Mais de 2,2 milhões de doentes foram considerados curados.

Em Portugal, morreram 1.369 pessoas das 31.596 confirmadas como infetadas, e há 18.637 casos recuperados, de acordo com a Direção-Geral da Saúde.

A doença é transmitida por um novo coronavírus detetado no final de dezembro, em Wuhan, uma cidade do centro da China.

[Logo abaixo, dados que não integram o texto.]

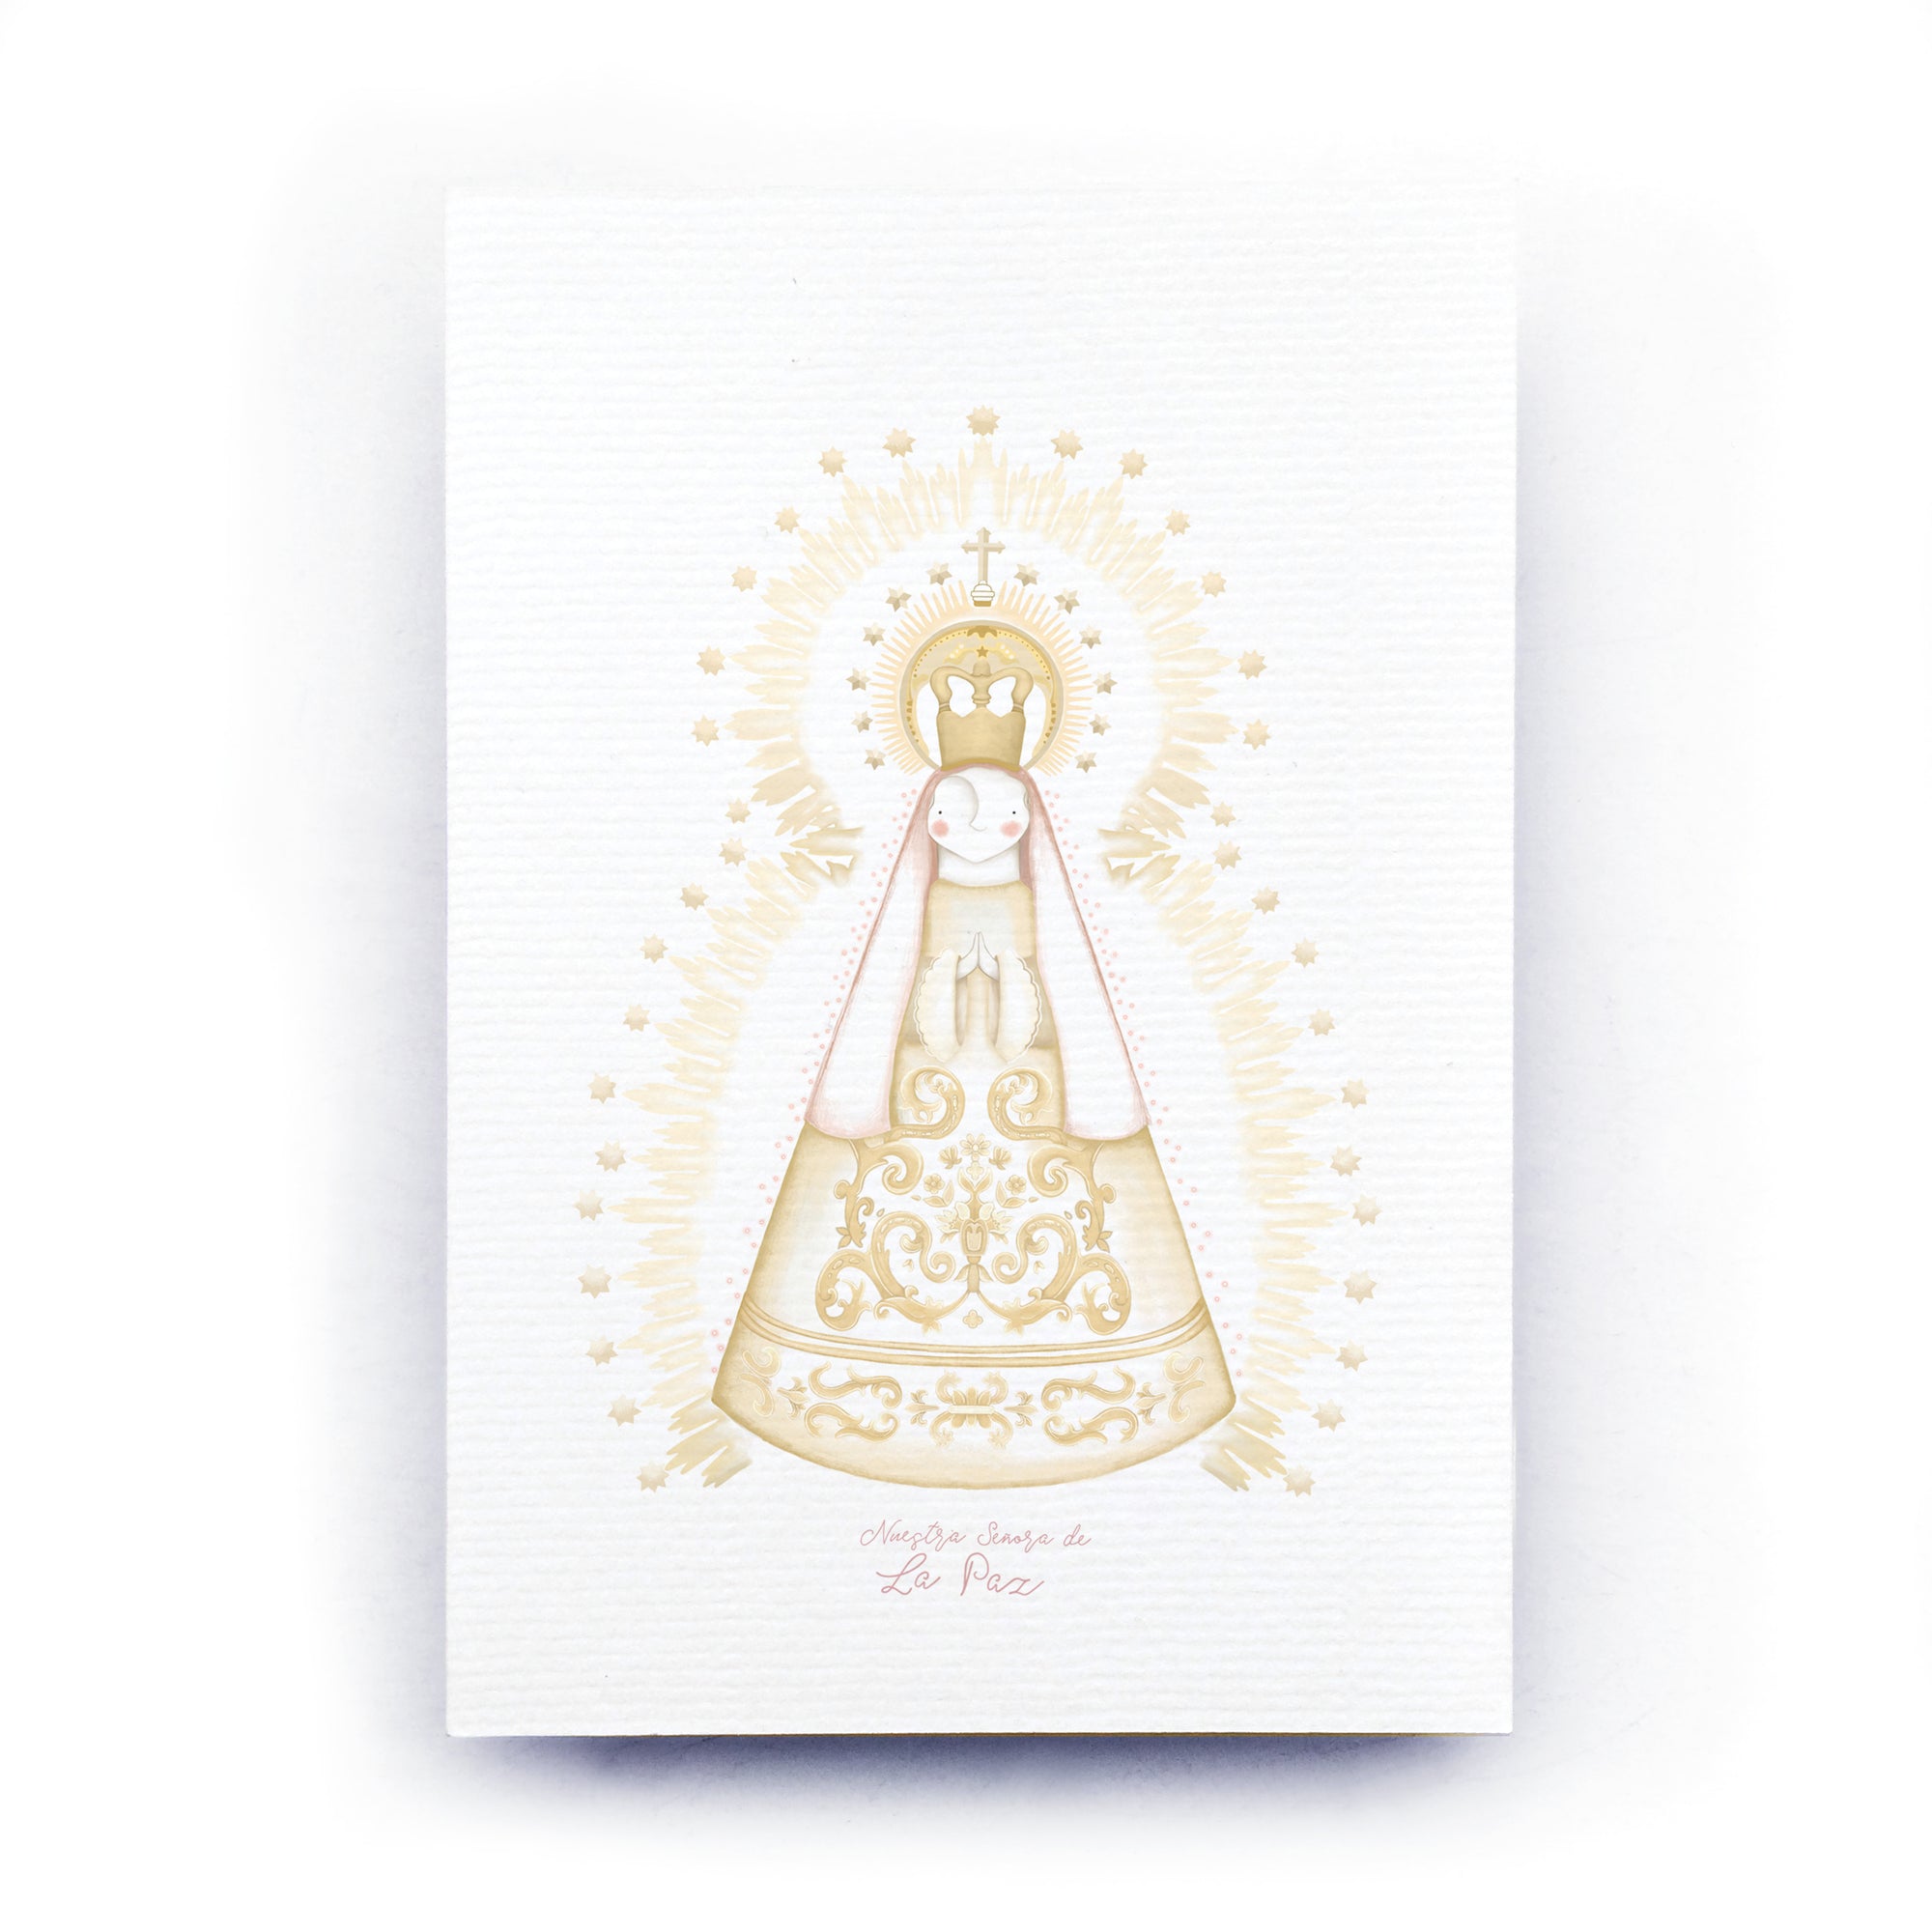 Lámina Nuestra Señora de La Paz
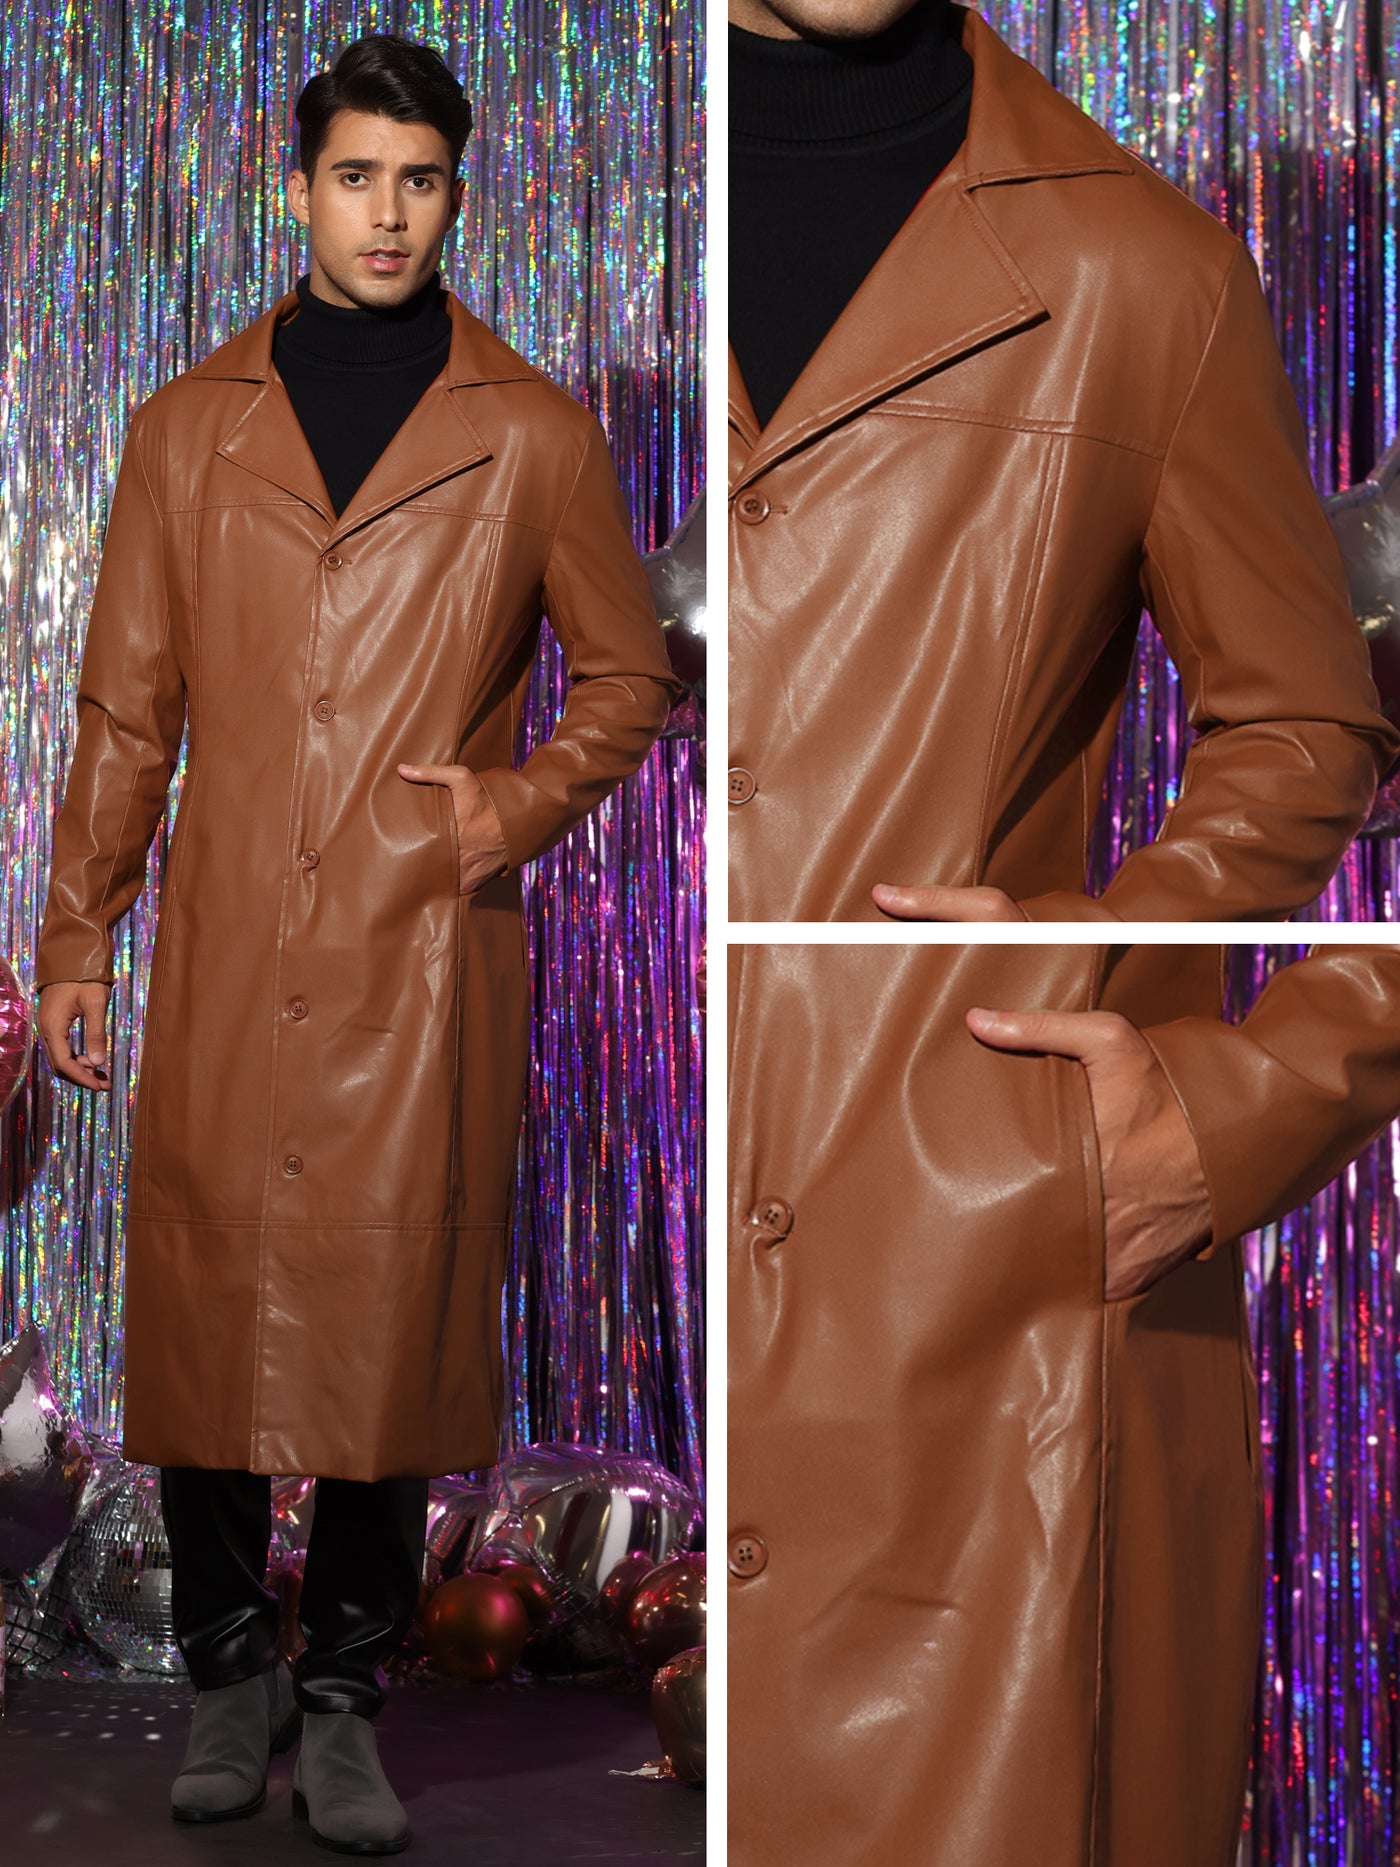 Bublédon PU Faux Leather Long Jacket for Men's Vintage Lapel Gothic Trench Coat Outwear

Depois de a Europa ter sucedido à China como centro da pandemia em fevereiro, o continente americano passou a ser o que tem mais casos confirmados (mais de 2,6 milhões, contra mais de dois milhões no continente europeu), embora com menos mortes (mais de 153 mil, contra mais de 175 mil).

Para combater a pandemia, os governos mandaram para casa 4,5 mil milhões de pessoas (mais de metade da população do planeta), paralisando setores inteiros da economia mundial, num "grande confinamento" que vários países já começaram a aliviar face à diminuição dos novos contágios.

O "Grande Confinamento" levou o Fundo Monetário Internacional (FMI) a fazer previsões sem precedentes nos seus quase 75 anos: a economia mundial poderá cair 3% em 2020, arrastada por uma contração de 5,9% nos Estados Unidos, de 7,5% na zona euro e de 5,2% no Japão.

Para Portugal, o FMI prevê uma recessão de 8% e uma taxa de desemprego de 13,9% em 2020.

Já a Comissão Europeia estima que a economia da zona euro conheça este ano uma contração recorde de 7,7% do PIB, como resultado da pandemia da covid-19, recuperando apenas parcialmente em 2021, com um crescimento de 6,3%.